Au restaurant, même ambiance, bien que les discussions allaient bon train de table en table et que les gens s'interpellaient gaiement. A la cuisine, il y avait des caquelons à fondue partout, partout, partout et le service se hâtait dans tous les sens et dans la bonne humeur pour placer ou servir les gens. La fondue fut excellente, un honneur dont ne se dépare apparemment jamais notre restaurant d'altitude (non, ceci n'est pas un encart publicitaire, foi d'Immobilia). C'est à la fin du repas que tout s'est gâté. Les estomacs repus, les esprits échauffés par l'alcool, fatigués par une semaine ardue (si vous y voyez d'autres raisons pour justifier le carnage général qui va suivre), la tension a fini par se relâcher... complètement! Et dans cette sordide histoire, le malheur du restaurant, c'est de vouloir faire les choses en règle pour un bon repas digne de ce nom et d'avoir disposé des sets de table à toutes les places.

Et voici comment se sont terminés ces moments à la lueur des lampes électriques:



Avouez que c'est consternant. Des dames bien mises, des messieurs tout sérieux, des enfants de bonnes familles se découvrant tout à coup fanatiques d'aviation. Bref, ça ne volait plus très haut. Ce doit assurément être l'effet de la pleine lune.

Mais ça rigolait.

Puis vint le départ tant attendu. Chacun y allait de son truc pour se préparer. Qui de la crème lunaire ou des lunettes lunaires, ça rigolait. Dehors, il s'agissait d'établir quelques points de repères pour discerner les personnes qui font partie d'un même groupe, histoire de ne pas se perdre inutilement. Il n'avait pourtant pas été si malaisé de retrouver ses skis. Le court trajet pour rejoindre le télésiège des Grands-Plans, la stricte ordonnance de la file d'attente avant de l'atteindre finirent par rassurer tout le monde. La lune est si claire qu'elle permet une vision très nette à travers la nuit.
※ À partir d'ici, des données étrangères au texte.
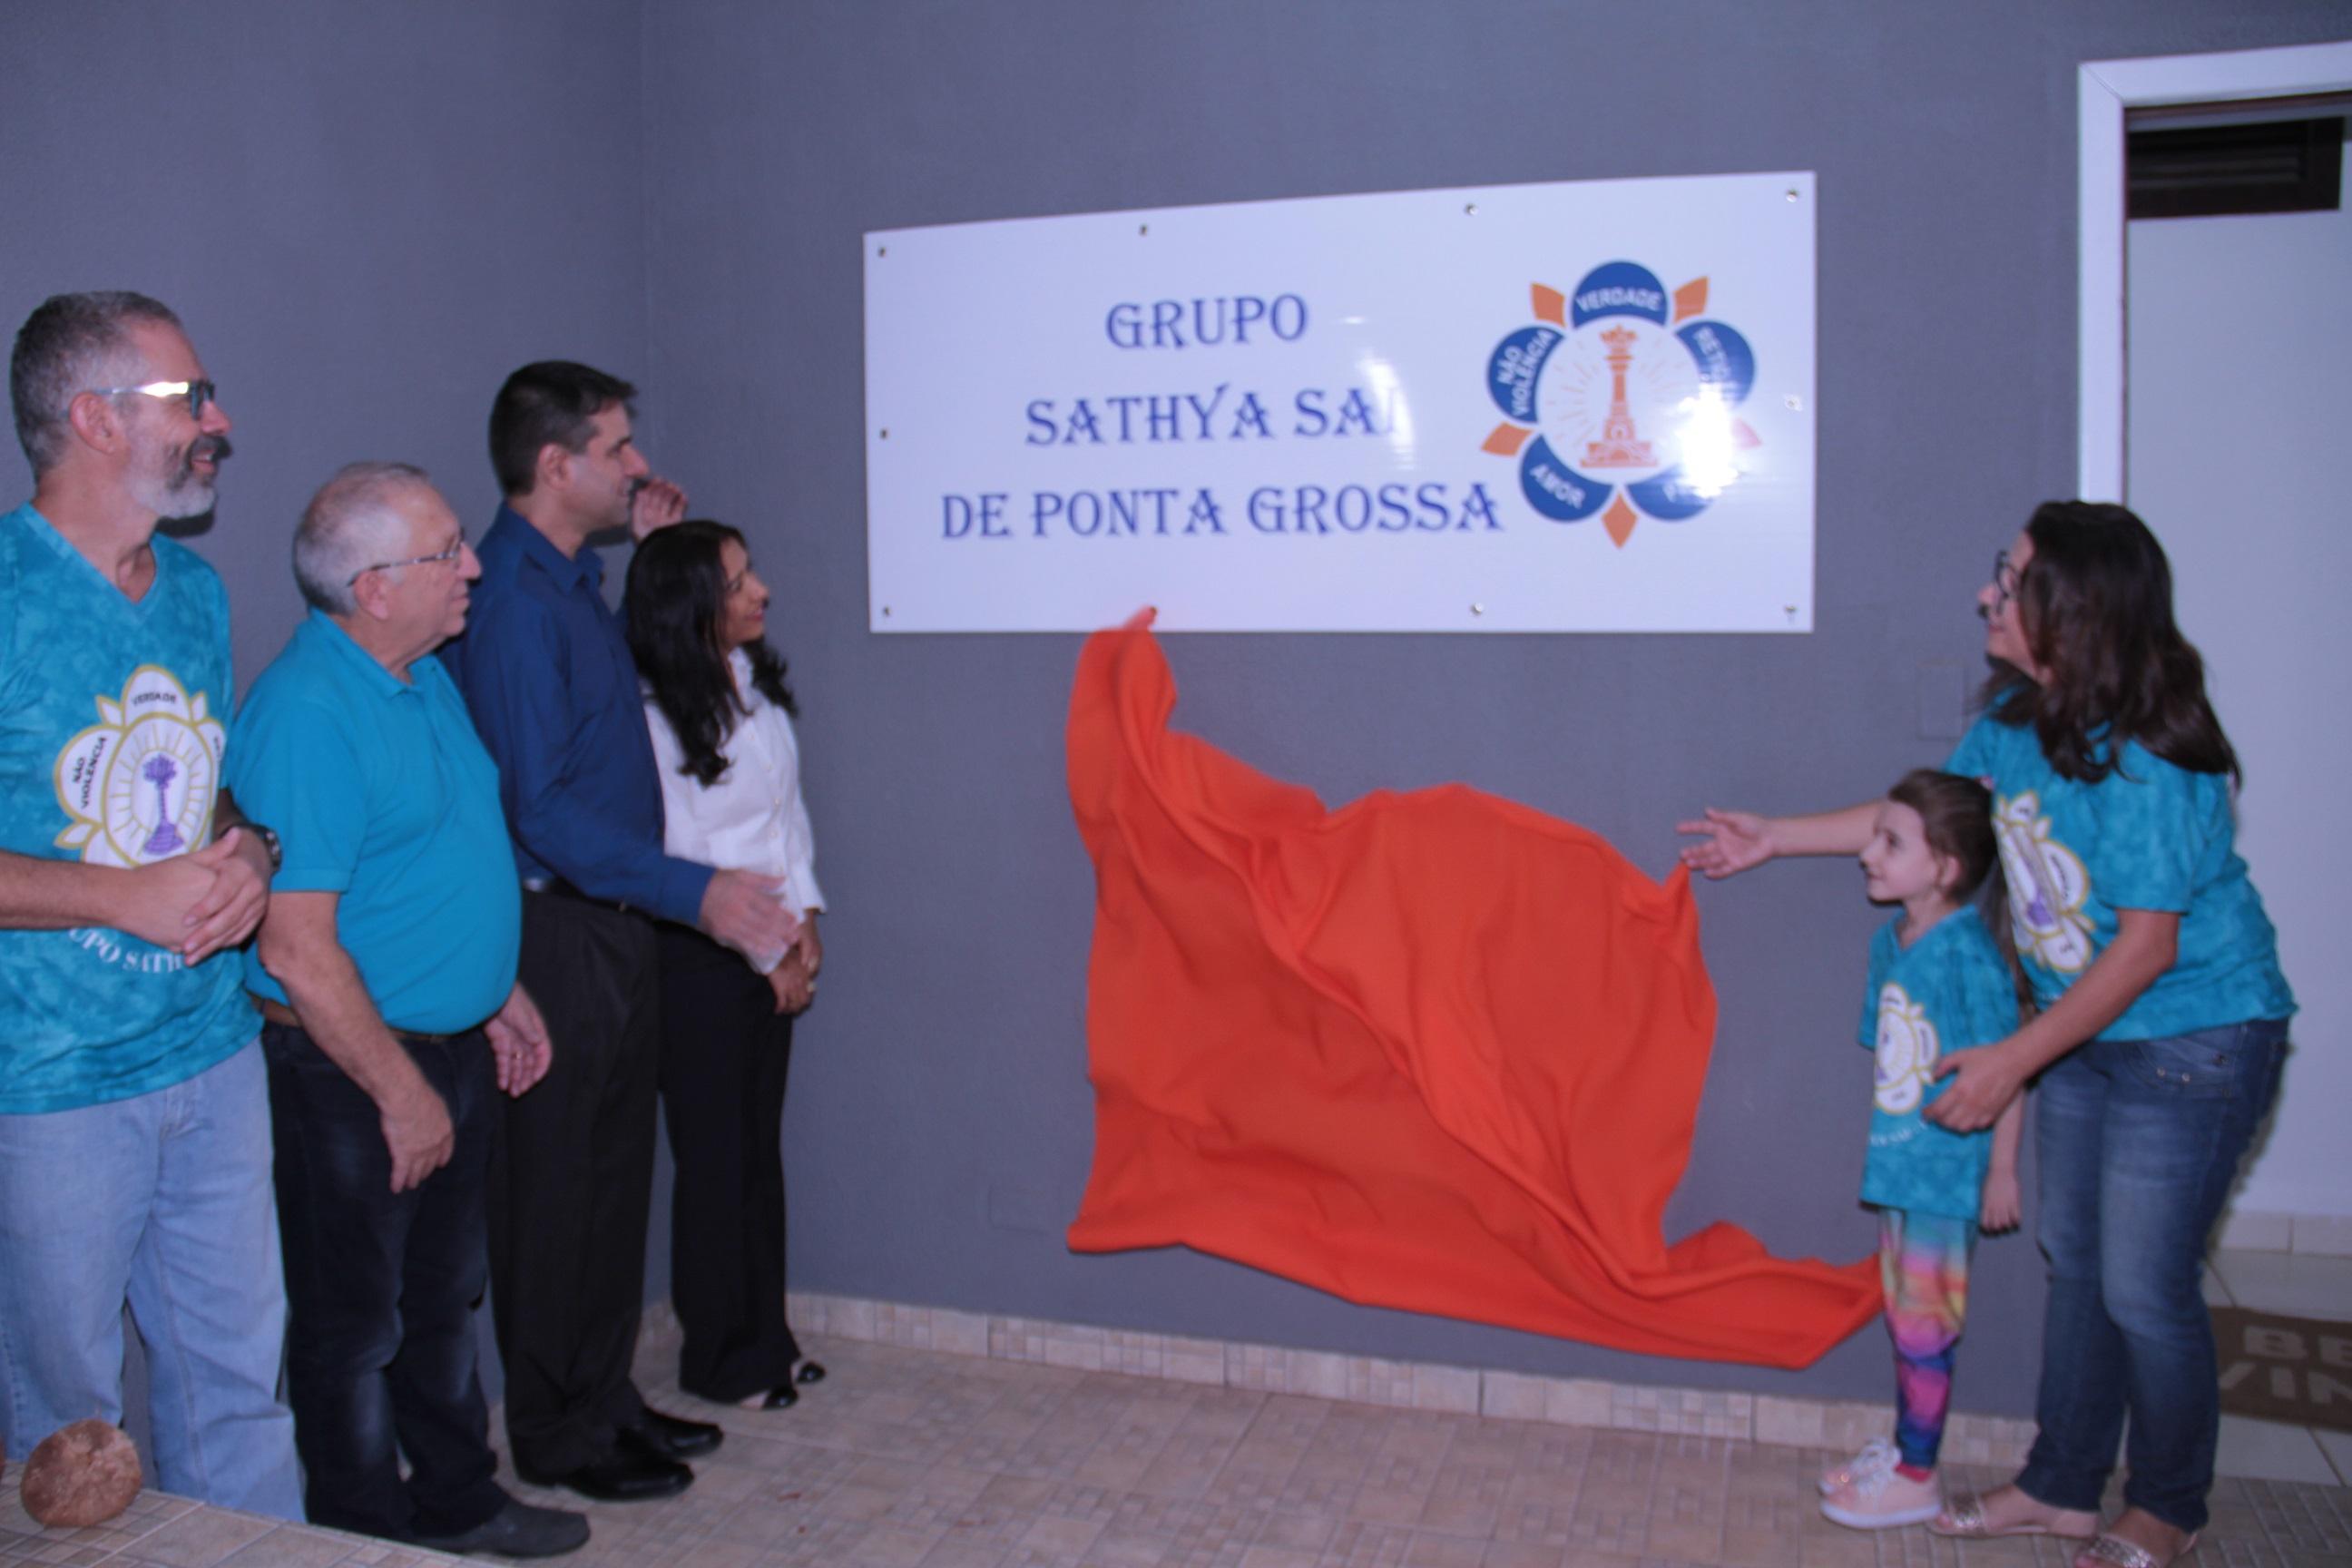 Ponta Grossa 5

Les températures restaient étonnamment douces pour un début février. La montée nous paraissait complètement surréaliste et le ballet des ratraks sur le versant des Becs de Bosson nous offrait une image de feux follets de la montagne magique. La continutation en solitaire du téléski de l'Orzival finit de pénétrer les derniers irréductibles aux charmes de la lune et le spectacle qui s'offre aux yeux des skieurs en arrivant au sommet du panorama se passe tout simplement de description.

Un petit coucou à nos amis de la Noble, en face (photo), avec vue sur Crans-Montana et les pistes éclairées du vendredi soir et c'est alors que s'amorce la descente, ce qu'il reste à faire lorsqu'on a atteint les étoiles. La descente est ensuite un pur délice. Peut-être avons-nous été précédés par quelques skieurs, mais cela ne se remarque qu'à peine tant l'impression de voler sur un nuage de ouate vous saisit de la tête aux pieds. Ou plutôt, des pieds à la tête. Et cette obscurité environnante qui vous emporte dans un tourbillon d'irréalité. Suis-je bien entrain de vivre ce que je suis entrain de vivre? Ou ai-je trop bu?. Une frayeur tout à coup! Un objet non identifié s'en vient à toute vitesse à ma rencontre! Freinage d'urgence. L'objet continue son chemin. Pfffff! J'ai eu chaud car je ne m'étais pas rendue compte que l'ombre d'un siège, suspendu à son câble s'avançait à quelques pas de moi. Dans la nuit, impossible de donner une consistance aux ombres et, bien qu'elle fut absolument plate, je l'ai crue un instant menaçante.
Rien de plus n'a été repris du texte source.